What the title says. I've been studying for the LSAT for a while now, and frankly LR is the only section that seems to utterly piss me off. I can do analytical reasoning and reading comprehension just fine (the only time I get mad on those is when the highlighter feature is being overly-sensitive, but I've learned how it works) but when I do the games, I flat out want to scream and throw things when things stop making sense.

I'm not really someone who deals with anxiety on the LSAT as I often hear others have. For me, it's frustration and anger. I took the August LSAT and I nearly blew a gasket in the middle of the logic games sections.

I think I need to study more, get the fundamentals down more, and overall just expose myself to more difficult problems with a cool mindset. This is really holding me back. I was going to take a practice test today but decided against it so I could focus more on the games in a casual setting without the timer.

Any advice? This test is a challenge of our patience, too, as you all know. Thanks.

Comments

  • acatuneaacatunea Member
    144 karma

    I would suggest identifying what exactly about LG makes you frustrated/angry. Is it a missed inference, a particular game type or question type? Find out what that is so you can target those types of games and questions, and repeatedly practice them until it becomes pretty well muscle memory. Personally, when I am completing blind review, I sit there for however long it takes to see how I could have made an inference faster under time.

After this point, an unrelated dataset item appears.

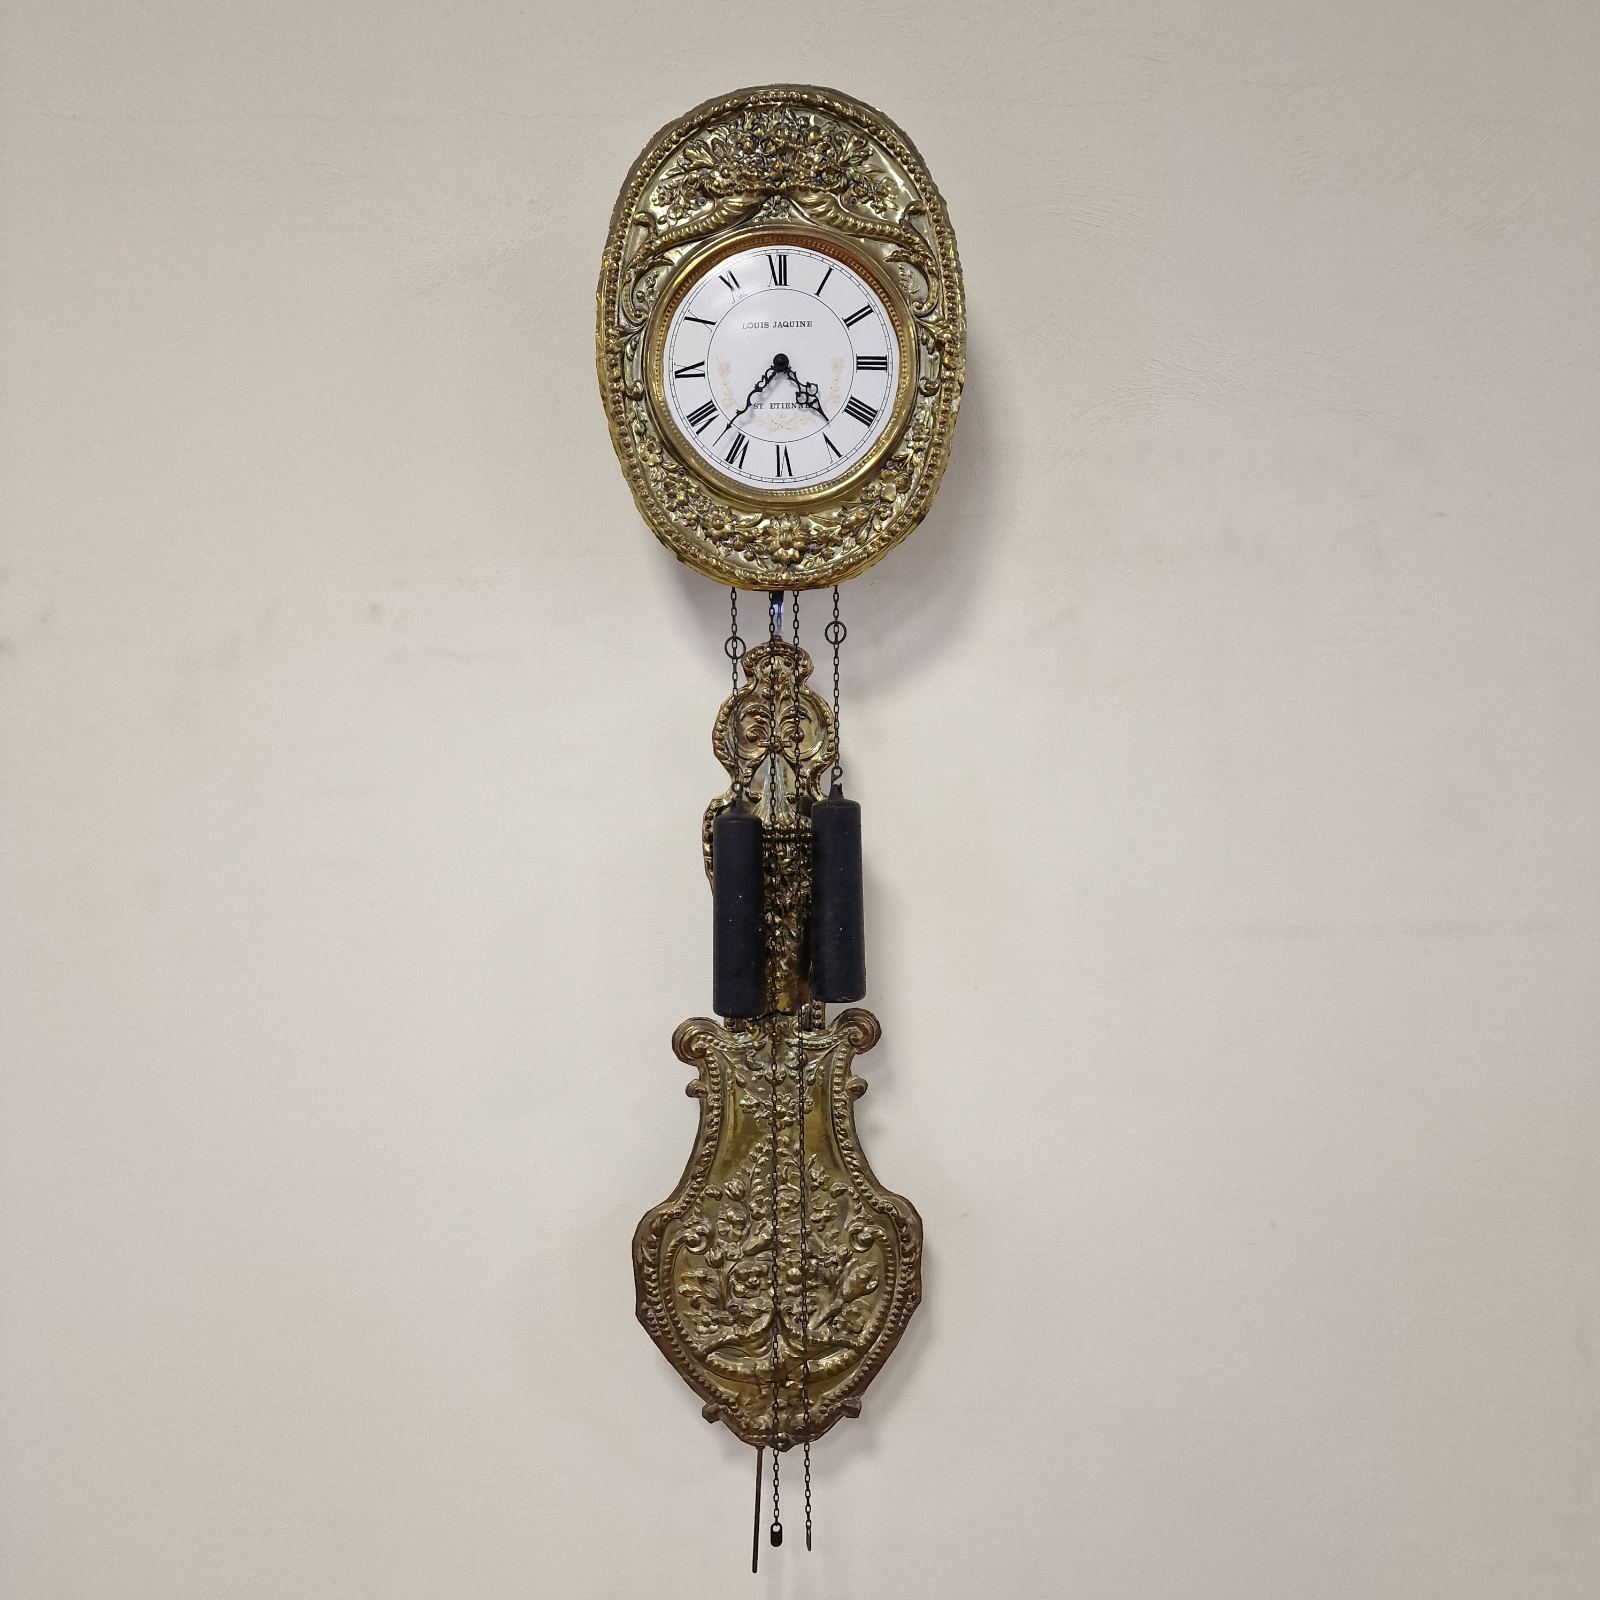 Стенен часовник Louis Jaquine St Etienne

    The LG section has a pretty limited number of game types and questions (unless it is a Misc game), and I think you maybe just need to spend more time practicing to see those patterns.

    Best of luck, you got this!

  • 24 karma

    It might be inferences because I usually try to find as many of those as I can, then go into the problems. If the problems give me much trouble, I tend to get flustered.

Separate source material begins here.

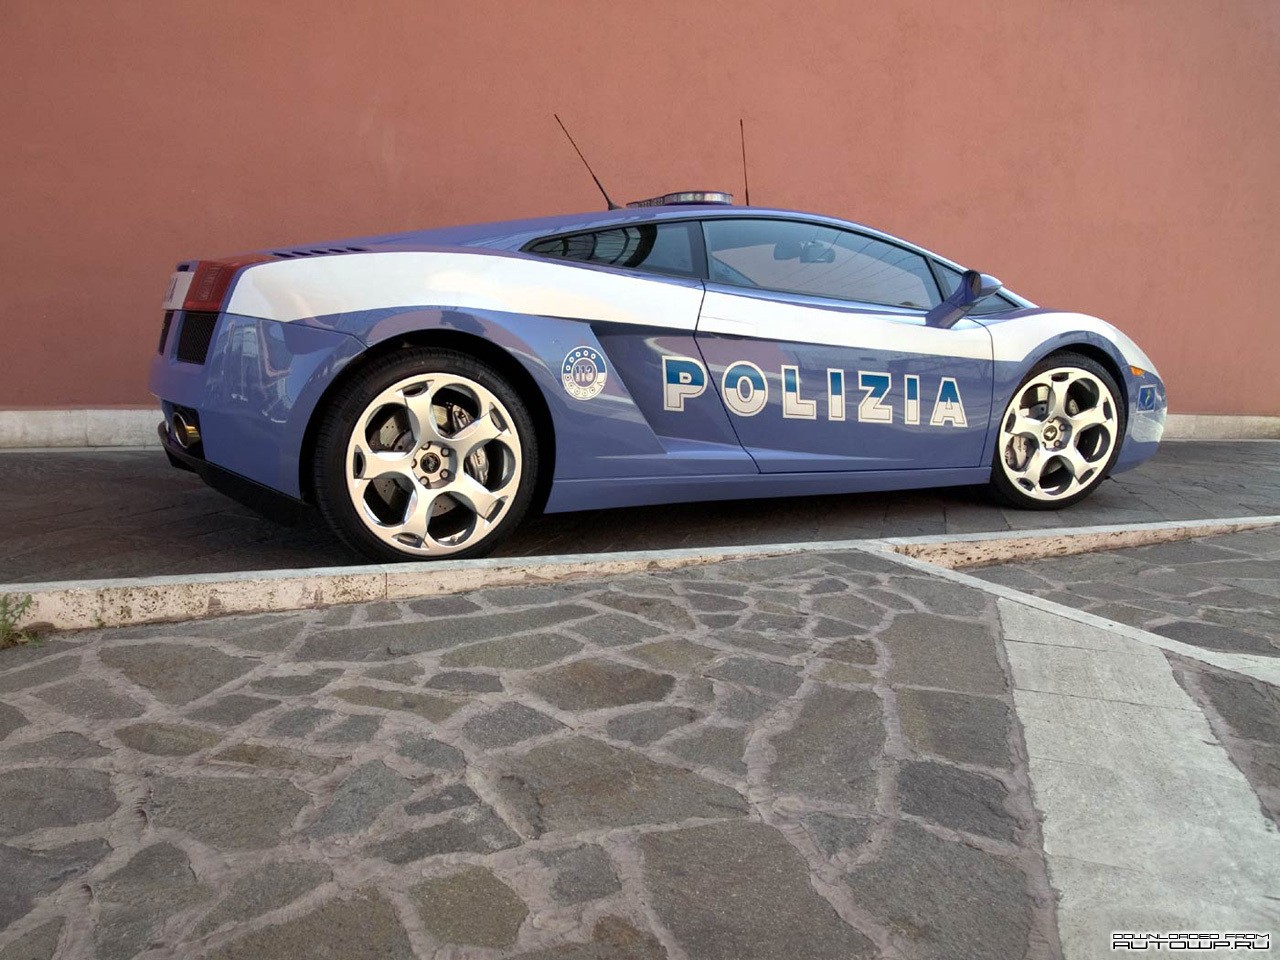 General 1280x960 car Lamborghini Gallardo Lamborghini vehicle police cars blue cars italian cars Volkswagen Group

  • afcachoneduafcachonedu Free Trial Member
    3 karma

    I'll recommend what I did! Not sure if you're talking about LR or LG, but here's advice for LG, since you're talking about "LR games".

    Learn to split into a LOT of game boards. For instance, assume you have a basic sequencing game, 6 game pieces, and 5 slots with two rules that are binary (X is in position 3 or 5) and (if Y is used, then Z is in position 2).

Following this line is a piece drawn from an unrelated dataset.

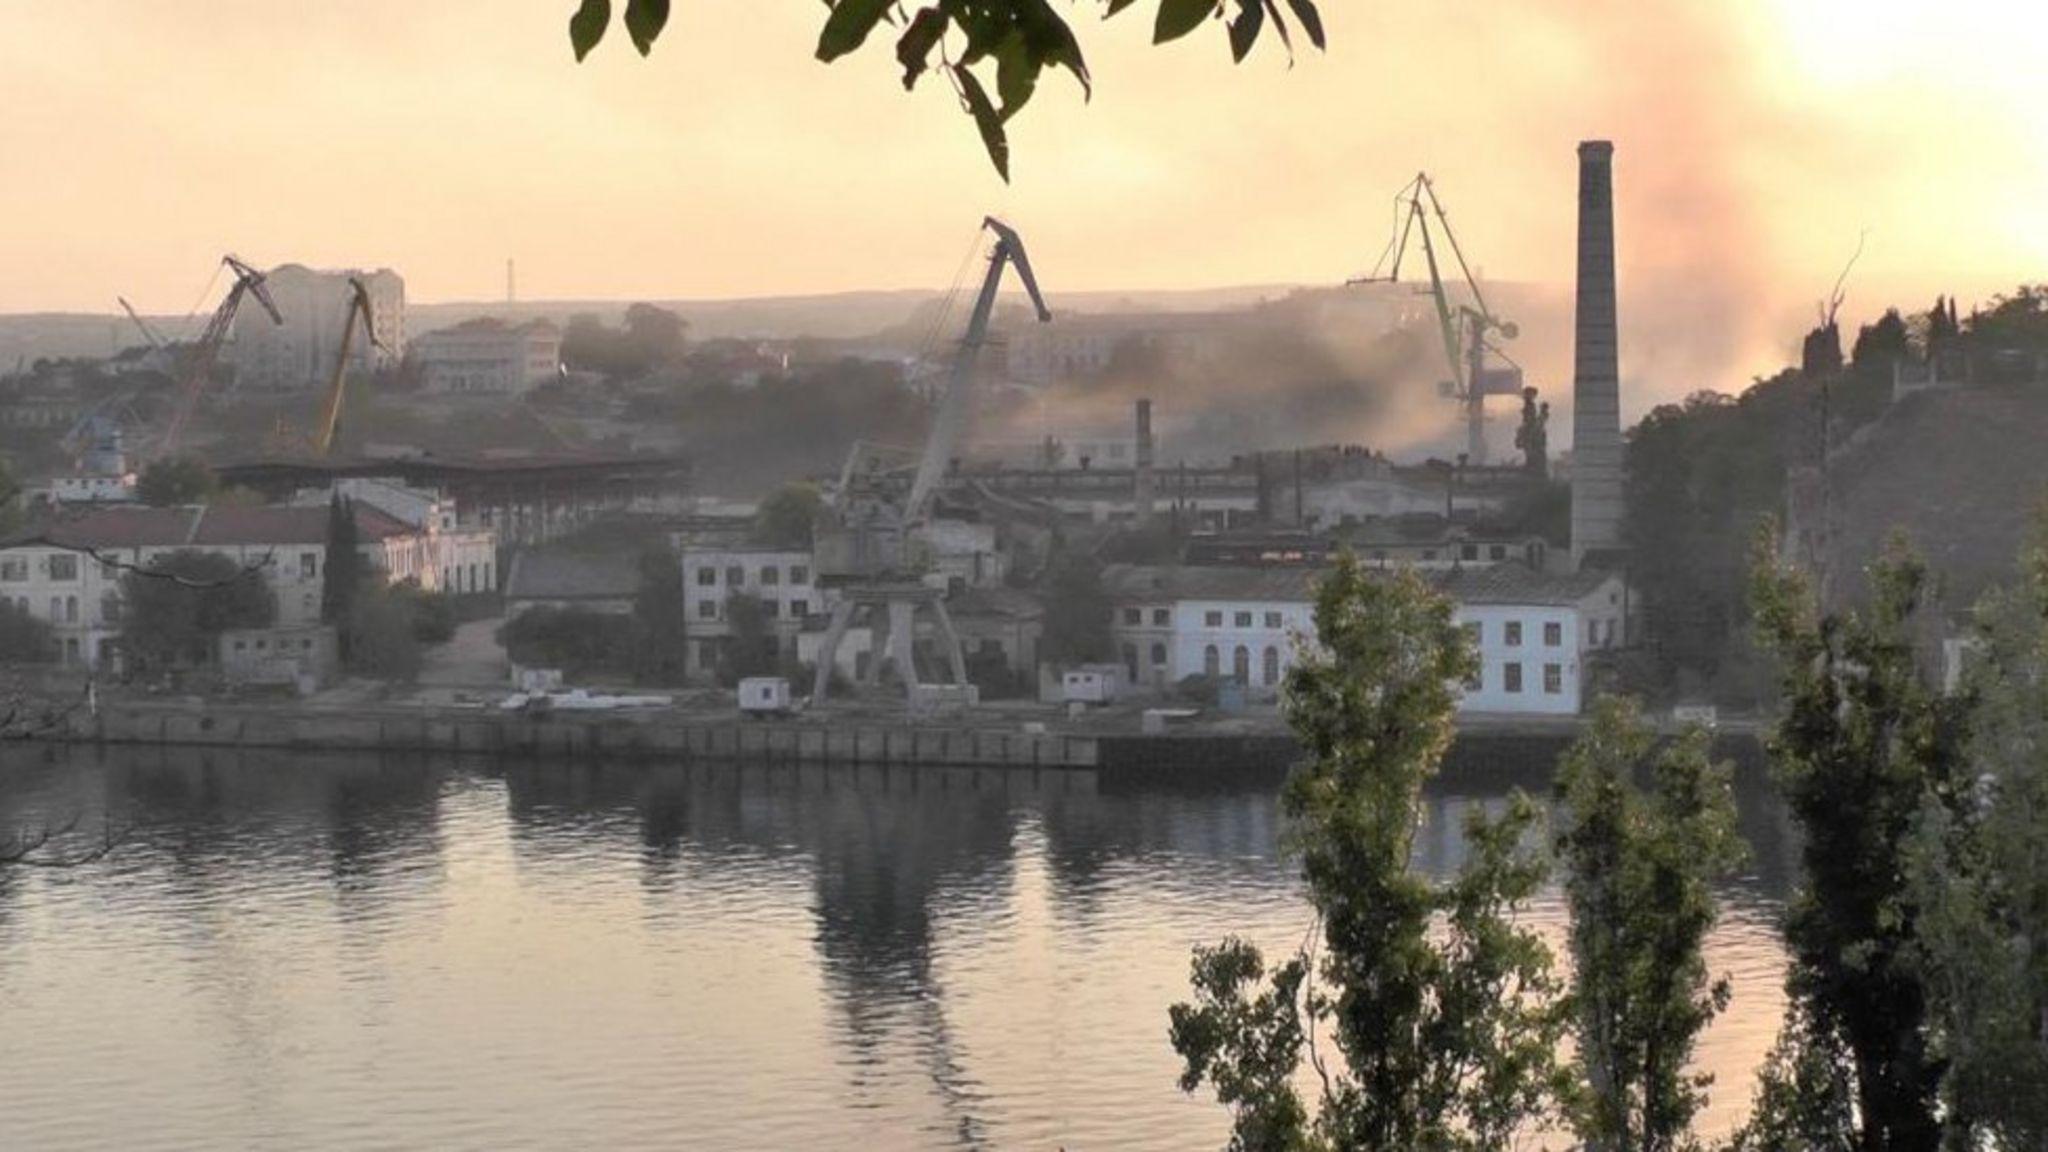 Sale humo de un astillero en el puerto de Sebastopol en Crimea, controlado por Rusia

    Split up the game into four boards. (Two boards with X in 3, two boards with X in 5, and each of the two sub-boards obeys one side of the "if Y" rule) That way, you have four boards for which you have a lot fewer pieces left to put in.

    I recommend that in response to your problem because when I started practicing heavy splitting, it gave me a feeling of control over LGs that I didn't previously have. The control really helped my mentality while working through them. The method also gave me a lot of consistency in my approach which also helped my mentality, since I didn't feel like I was at the mercy of the section as much as before.

  • acatuneaacatunea Member
    144 karma

    I personally have a different approach than this ^ comment, and that's totally okay!

    I don't make all the inferences all the time either, and am pretty consistent with scoring -1 or so in LG sections under time.

    I don't usually explicitly split up the game boards, I found it was too much of a time sink for me if I didn't see the inference right away. I do write down inferences directly on my set up and just make a mental note of it... I think I am just quick at plugging all the answers into my existing setup if I don't see the answer right away.